Purpose : This study is to demonstrate the feasibility of using retinal intrinsic optical signal (IOS) imaging for objective optoretinography of photoreceptor abnormality in Alzheimer’s disease (AD) mice.

Methods : A custom-designed optical coherence tomography (OCT) with a visible light retinal stimulator was employed for retinal IOS imaging. Alzheimer’s disease (3xTg-AD) and age-matched control (C57BL/6J) mice were imaged at 1, 2, 3, 4, 5, and 6 months. The retinal layer thickness and band intensity were quantitatively compared in control and AD mice. For light-evoked IOS imaging, each recording consisted of 100 time-lapse OCT B-scans collected with a 200 Hz frame speed. The IOS recording included 3 phases, a 250 ms pre-stimulation phase, a 10 ms stimulation on phase, and a 240 ms post-stimulation phase. The intensity background was computed by averaging all the frames in the pre-stimulation phase. The IOS of an individual pixel was defined as the intensity change divided by the background intensity. The average IOS in the ellipsoid zone (EZ) and the interdigitation zone (IZ) of each retina was calculated and analyzed by a one-way ANOVA test.
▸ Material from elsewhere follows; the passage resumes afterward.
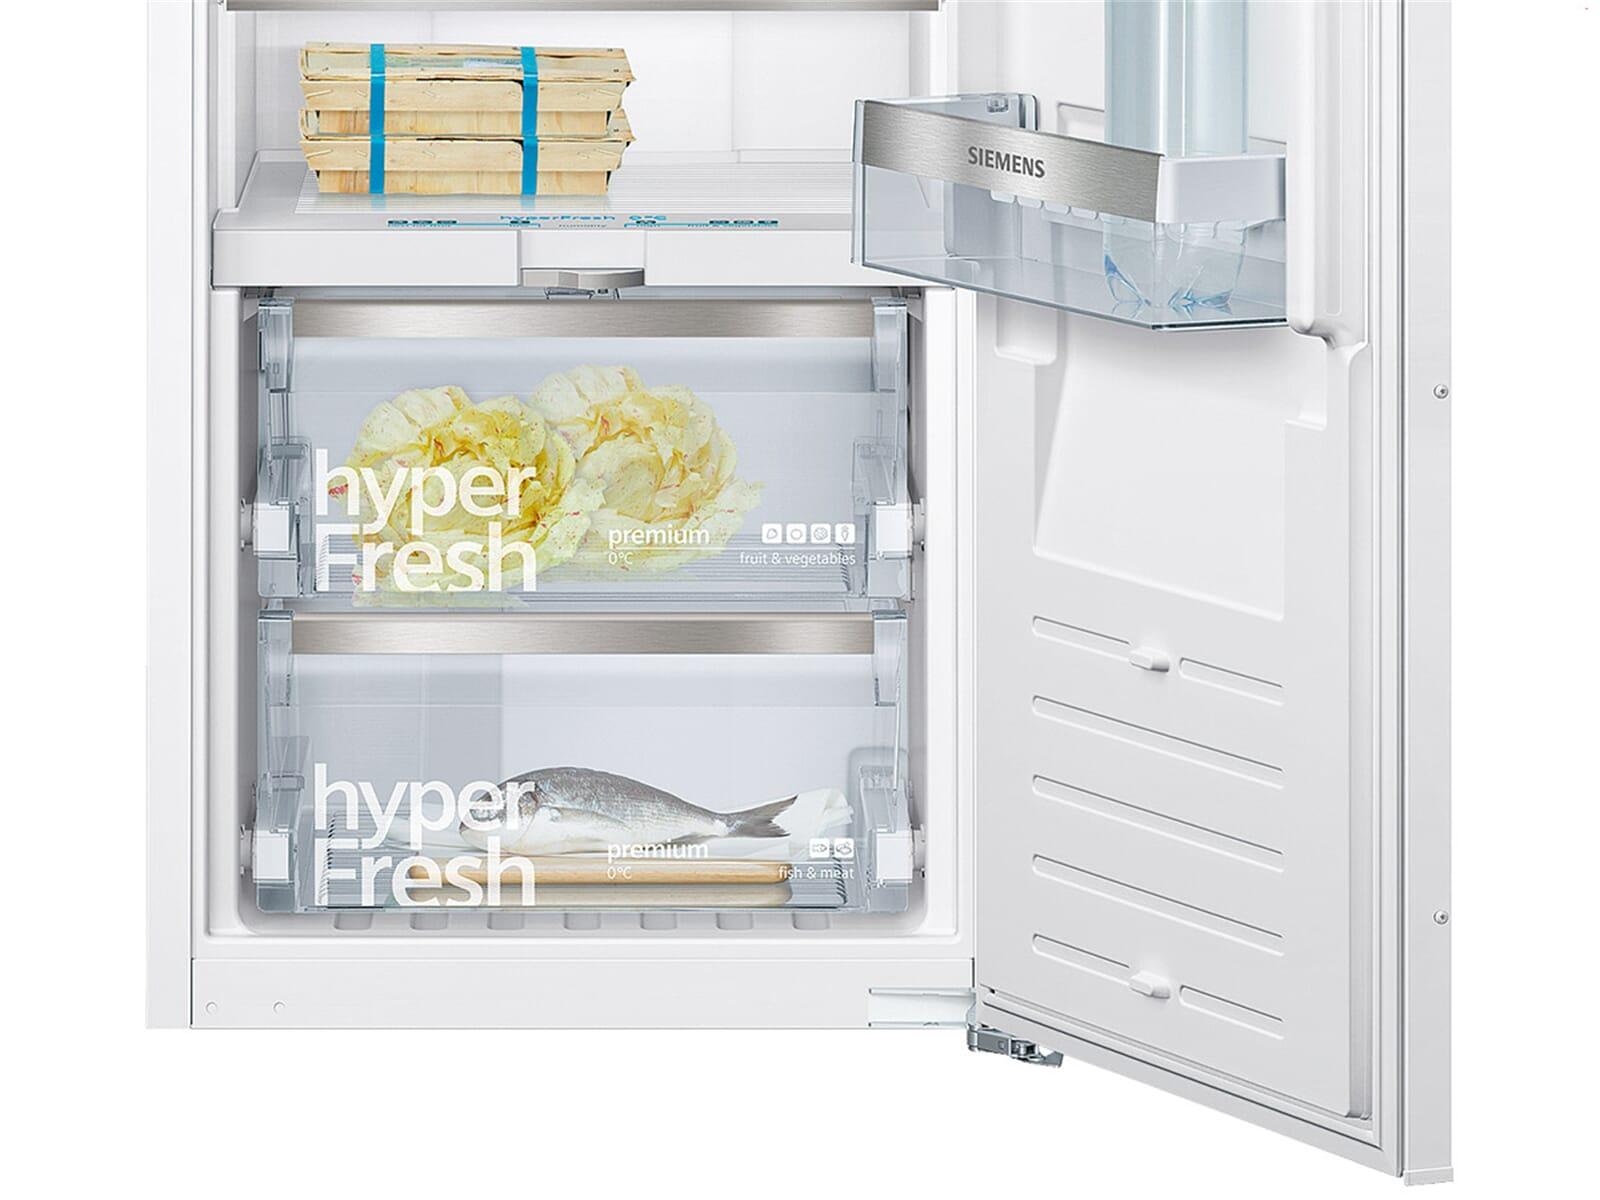 Siemens KI52FAD30 Einbaukühlschrank
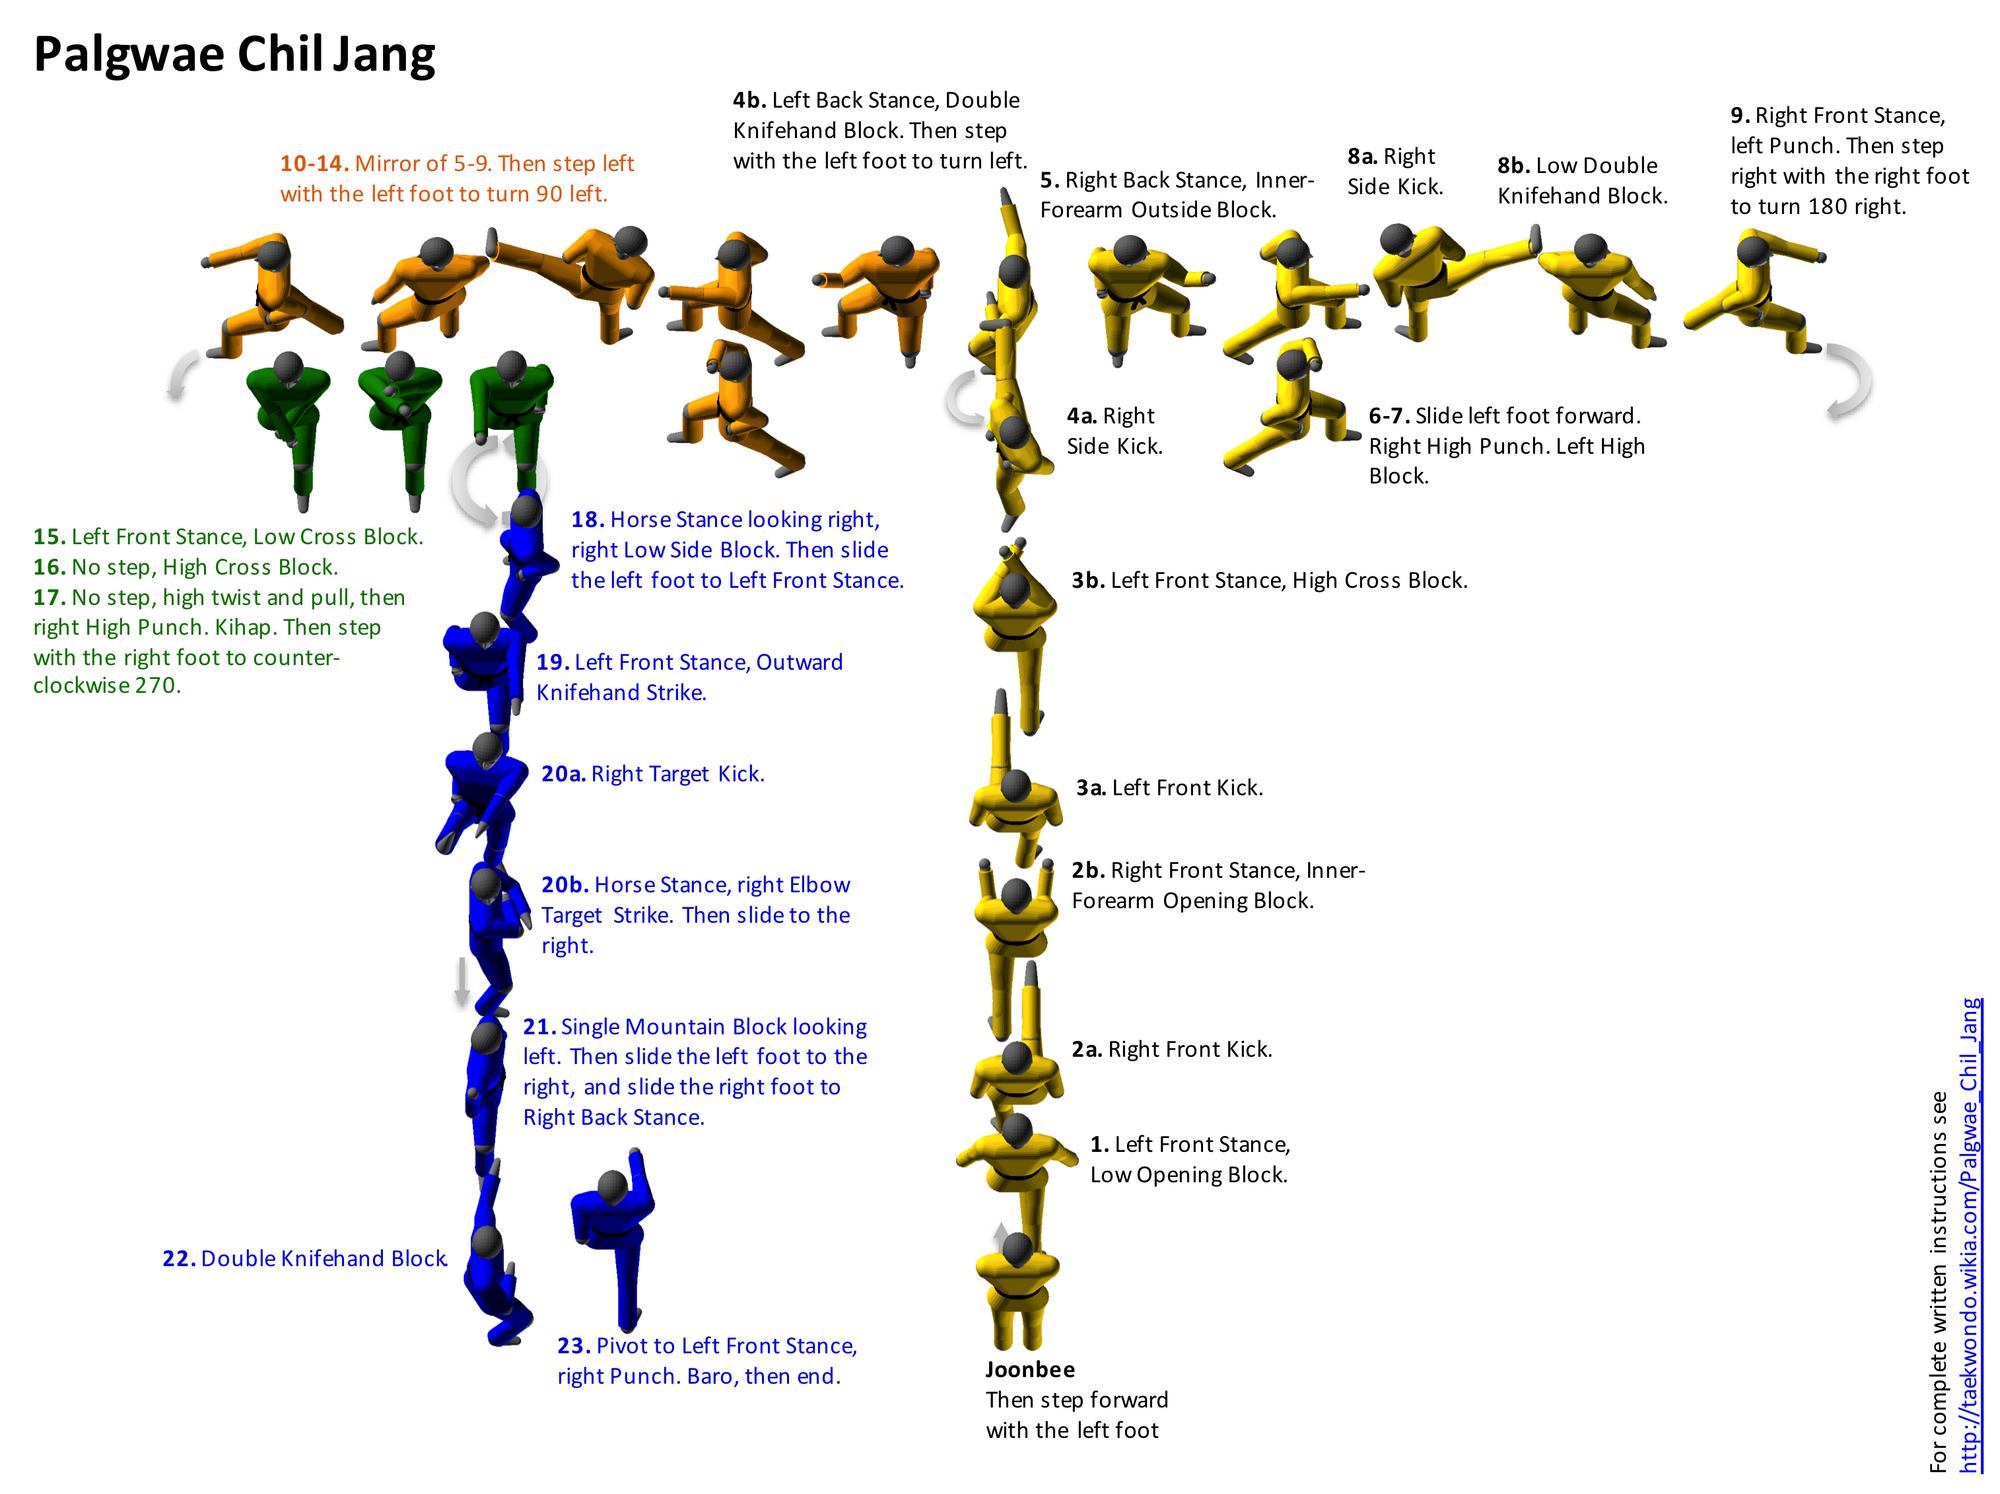 Palgwae Chil Jang | Taekwondo Wiki | FANDOM powered by Wikia

Results : Morphological OCT analysis revealed inner retina thinning in the 3xTg-AD mice, compared to the control group (Fig. 1D2). Significant difference was observed between the control and 3xTg-AD groups from the 5th month. On the contrary, the out retina thickness did not show a structural difference. However, functional OCT analysis disclosed significant IOS differences in the outer retina, i.e., the photoreceptor layer (Fig. 1E). It was observed that the IOS stays stable in the control mice after 2nd month; it keeps increasing in the 3xTg-AD mice (Fig. 1F). Significant difference was observed from the 4th month.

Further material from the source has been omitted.